Feisal (r.) in Syria with Chaim Weizmann, leader of the Zionist movement and later first president of the State of Israel.

The Emir Feisal, ruler of Mecca, was in the wake of World War I seen as the de facto leader of the entire Arab world. T.E. Lawrence is, of course, the man we more commonly know as “Lawrence of Arabia.”

Twenty years later, in 1939, Noel-Baker appeared before Parliament to oppose British efforts to curb Jewish immigration to the Holy Land, again noting that the influx of Jews had been both accepted and welcomed by the Arab leadership.

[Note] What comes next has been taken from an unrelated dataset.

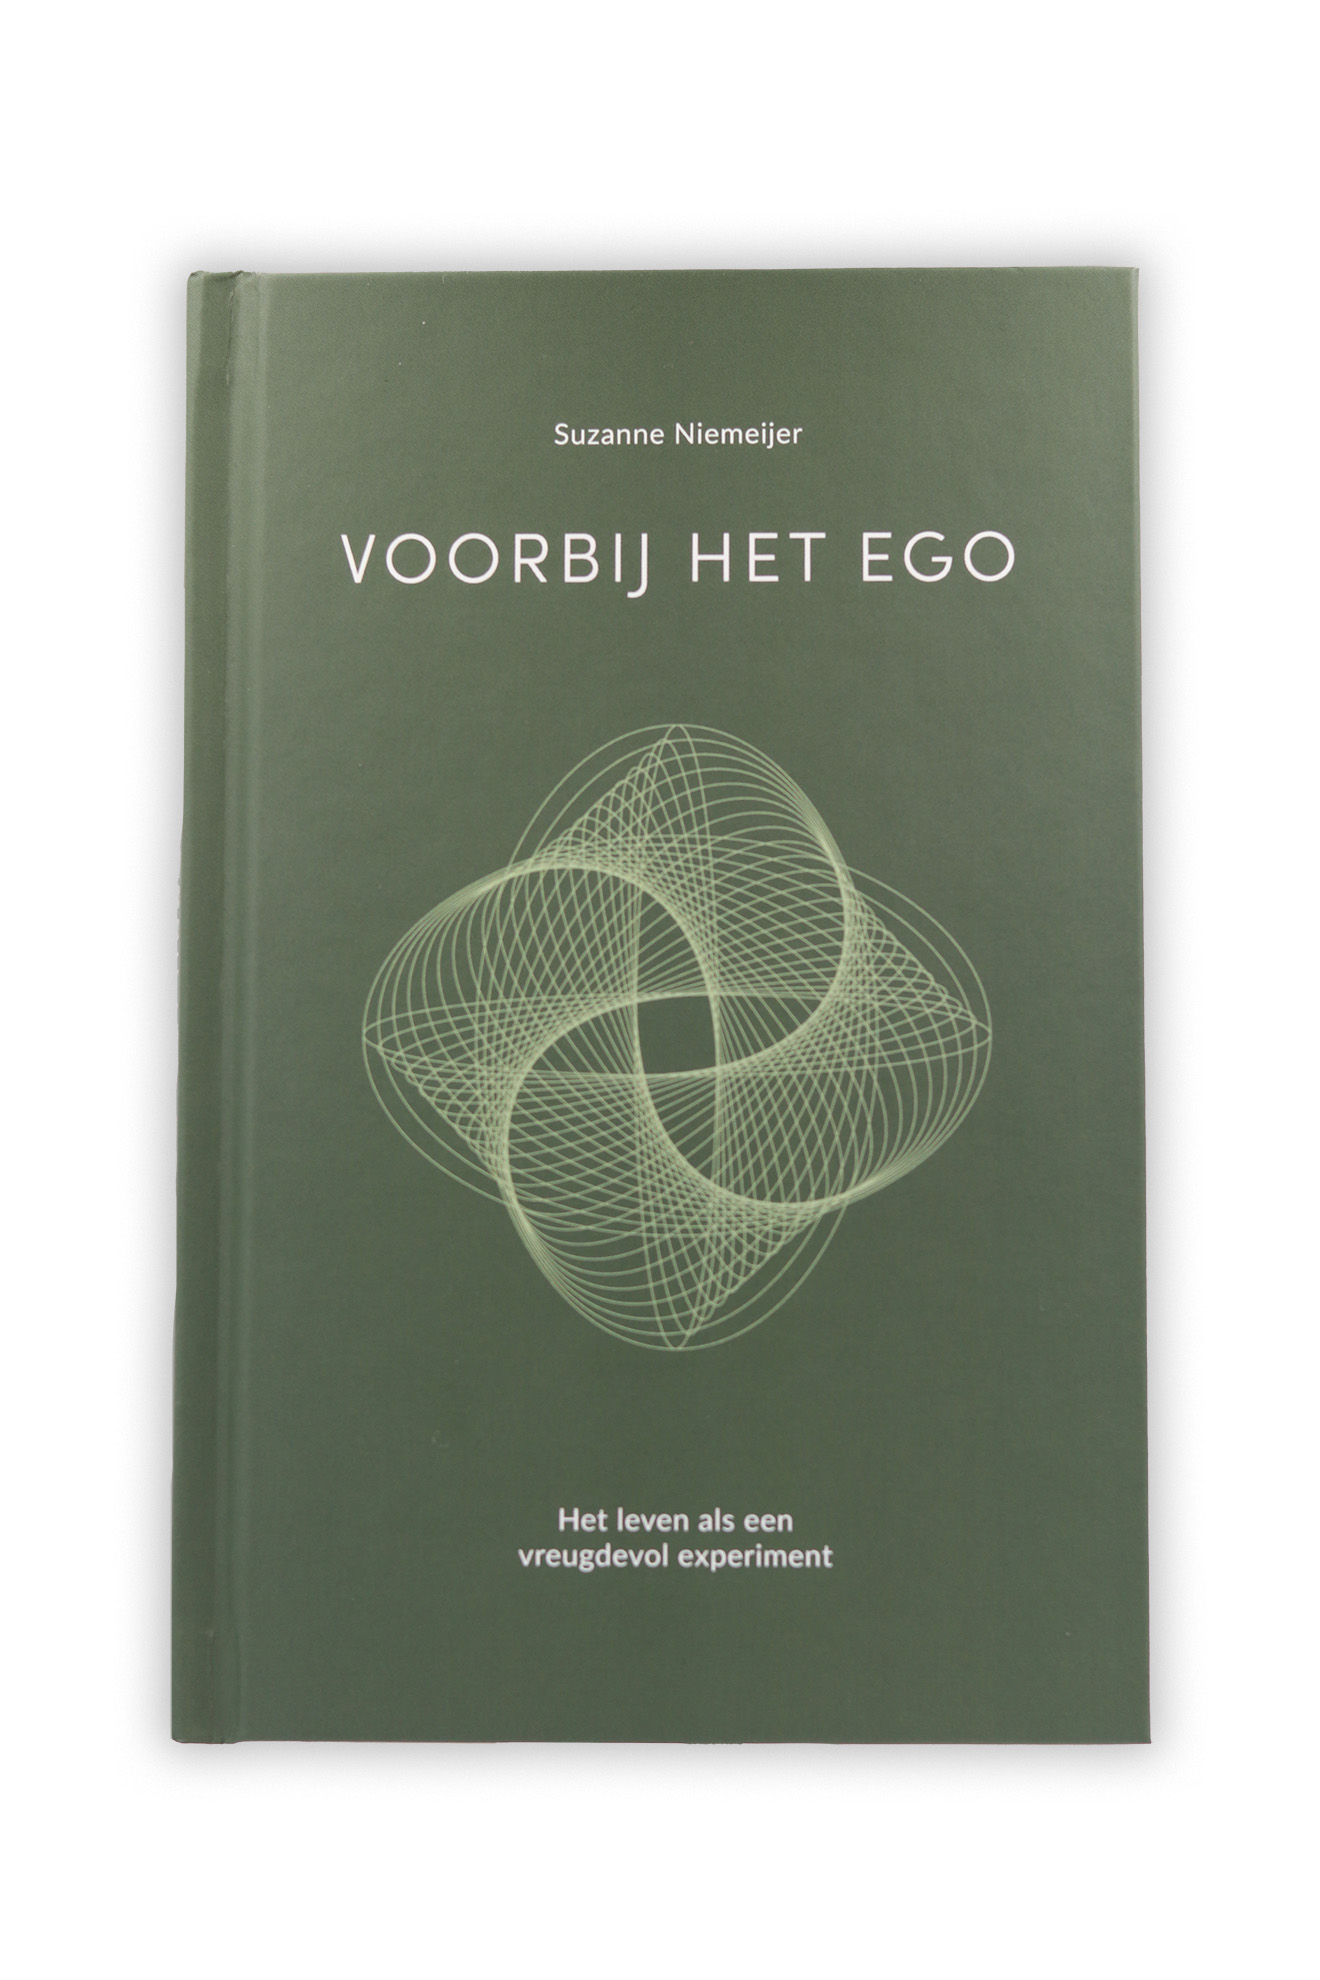 Het boek 'Voorbij het Ego' van Suzanne Niemeijer

In 1981, Noel-Baker was interviewed for the Israeli documentary Pillar of Fire, and recalled that eye-opening meeting with the Emir Feisal and Lawrence of Arabia:

“And when I got to the lunch [with my colleague], who were his other guests but Lawrence of Arabia and the Emir Feisal. And I was converted to Zionism by those two men. Feisal making his speeches, and Lawrence translated from the Arabic. And the Emir Feisal said to me, ‘Of course we want Zionists to come into Palestine. We know what will happen. They’ll bring vast sums of American and other capital, they’ll bring in the greatest scientists in the world, all the greatest scientists are Jewish, and the territory of Palestine, now so arid and so much of it a desert, it will become a garden and blossom like the rose. We shall borrow their experts, we shall work together, we shall do the same in all the countries which we Arabs have turned into deserts.’”

It is a shame that the Emir Feisal’s vision was never realized, instead being swallowed up by violent revolutions and radicalism.

But what is clear is that today’s Arab rejection of Israel and the insistence that Jews are foreign colonizers with no legitimate place in the Middle East is a relatively new phenomenon. Just 100 years ago, the leaders of the Arab world were eager to welcome the Jews home.